江风轻拂,平静的水面泛起涟漪,檐角的风铃叮铃作响,似在提醒屋中人,客来。
柳鸣面朝江水,闻声转过身子,便看到了谪仙似的美人。
蔚隅穿着一身白色纱衣,外罩一件浅绿色大袖衫,叮咚作响的碧玉佩与墨绿色腰带相应,墨色长发用一根碧绿的簪子固定,浅绿色发带作点缀,发尾随风飞扬,眉眼如画,衣袂飘飘,如月中仙子一般款款走来。
眼里一闪而过的惊艳撕掉了柳鸣冷漠的面具,柳鸣怔愣片刻,快速整理好情绪。
“让将军久等了。”
蔚隅拱手,望江楼与其他酒楼布局不同,包厢内只有一张案几,两人只能相对而坐。
“你说你有竺赫的消息?他在哪?”
柳鸣直入正题,他现在没时间跟蔚隅打太极。
现在锦衣卫和太子的暗卫都在四处寻找竺赫,胤帝也派了一批人加入寻人大军之列。他必须赶在所有人之前找到竺赫,拿到能和太子谈判的东西,同时神不知鬼不觉地解决竺赫。
“我以为将军更想知道另一个消息。”蔚隅倒了杯酒,缓缓推向柳鸣,“那么将军可以拿什么跟我换呢?”
“你没资格跟我谈条件。”柳鸣放在膝盖上的手忍不住捏成拳,“我随时可以杀了你。”
虽然他不知道蔚隅手上为何会有齐玄的东西,但现在最要紧的是抓到竺赫。
“既如此,请将军自便。”
蔚隅给自己倒了杯热茶,无所谓地耸耸肩。
并非他不怕死,而是他笃定了柳鸣不敢杀他,先不说柳鸣还在实施用他引竺赫出来的愚蠢计划,只蔚隅和竺赫的关系,他也不敢轻易下手。

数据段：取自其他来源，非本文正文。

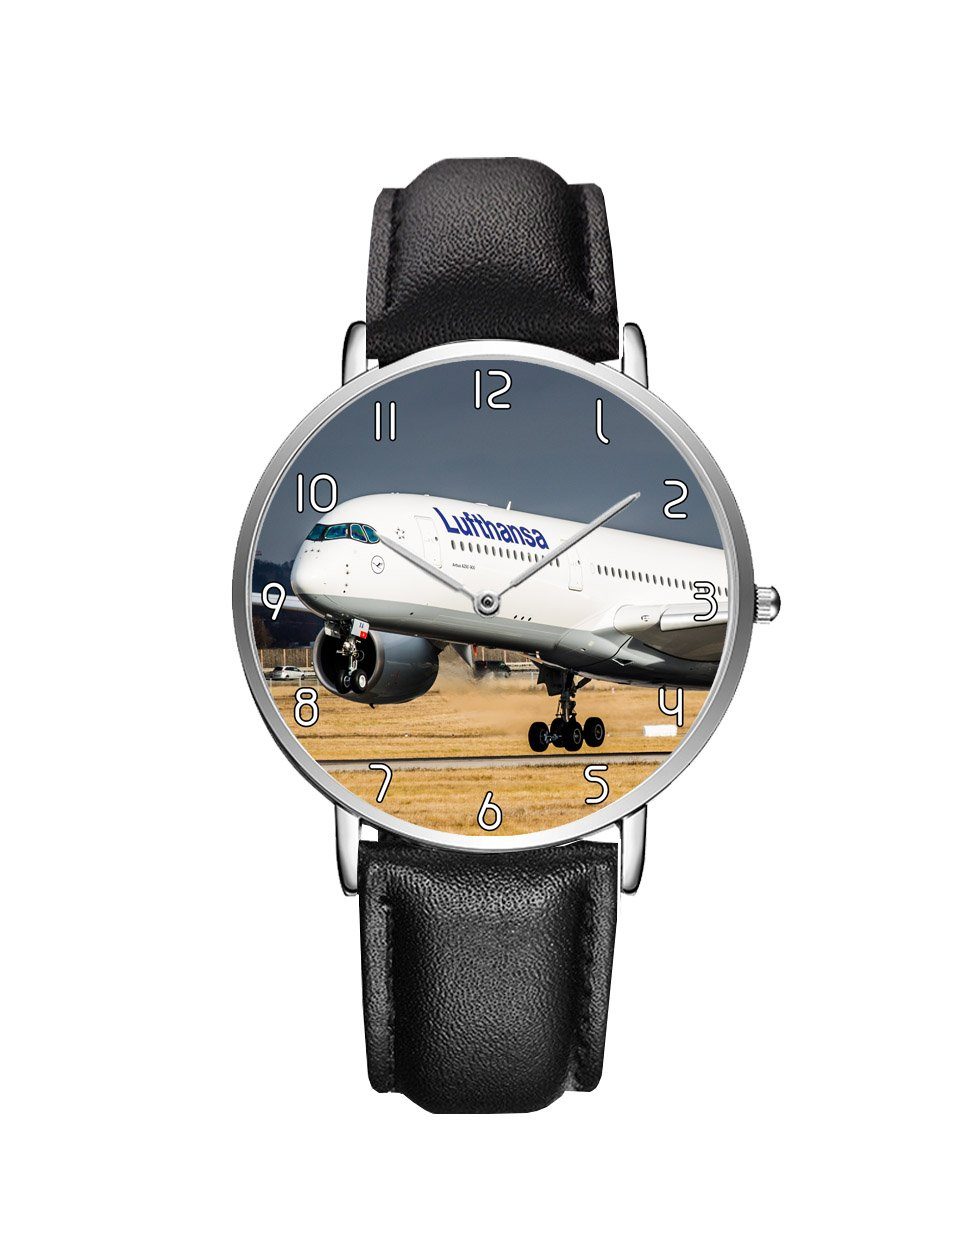 Lutfhansa A350 Printed Leather Strap Watches Aviation Shop Silver & Black Leather Strap

蔚隅背后有竺赫,竺赫的背后是整个皇室,两人可以死在赈灾的路上,但决不能死在任何一座城池中。
“你就这么笃定,我不敢杀你?”柳鸣深吸一口气,压下烦躁的情绪,“告诉我竺赫的去向,抓到他之后我放你离开。”
蔚隅挑挑眉,“只是这般?看来将军是打算靠自己的力量找到竺赫了。”
“竺赫私藏要犯,已是重罪,你与他关系匪浅,定会受到牵连,我能帮你改头换面,保证没人去打搅你。”
柳鸣自认为他给的条件已经很高了,竺赫勾结匪寇已是板上钉钉的事,只要被他抓到,必死无疑,蔚隅不想死就应该选择和他合作。
不料蔚隅只是摇摇头,“将军说过,竺赫之事只是误会,他是否私藏要犯,还要陛下定夺。”
毕竟在场的人都看见,贺麟被大火烧死了,柳鸣咬着竺赫不放,无非是不敢明着派人杀他,只能给他安个罪名,让胤帝不得不下旨处罚他。
如此一来,他就可以光明正大让竺赫意外死在赈灾的路上了。
“巧舌如簧。”柳鸣仰头喝完酒水,“竺赫手上的东西,会害死很多人,包括蔚家,你确定要包庇他?”
“将军常在?州有所不知,昔日蔚尚书已放言与我断绝关系,并在官府做了记录,蔚府日后如何,于我无半分干系。”蔚隅摩挲着茶杯,慢条斯理地啜了一口,“我也很想知道,竺赫手上到底有什么东西,能劳烦这么多人兴师动众找他。”
“你不必知道。”柳鸣拿起酒壶给自己斟了一杯酒,夹了一筷子白肉,“竺赫下落不明,现在不止我一个人在盯着你,你要想清楚。”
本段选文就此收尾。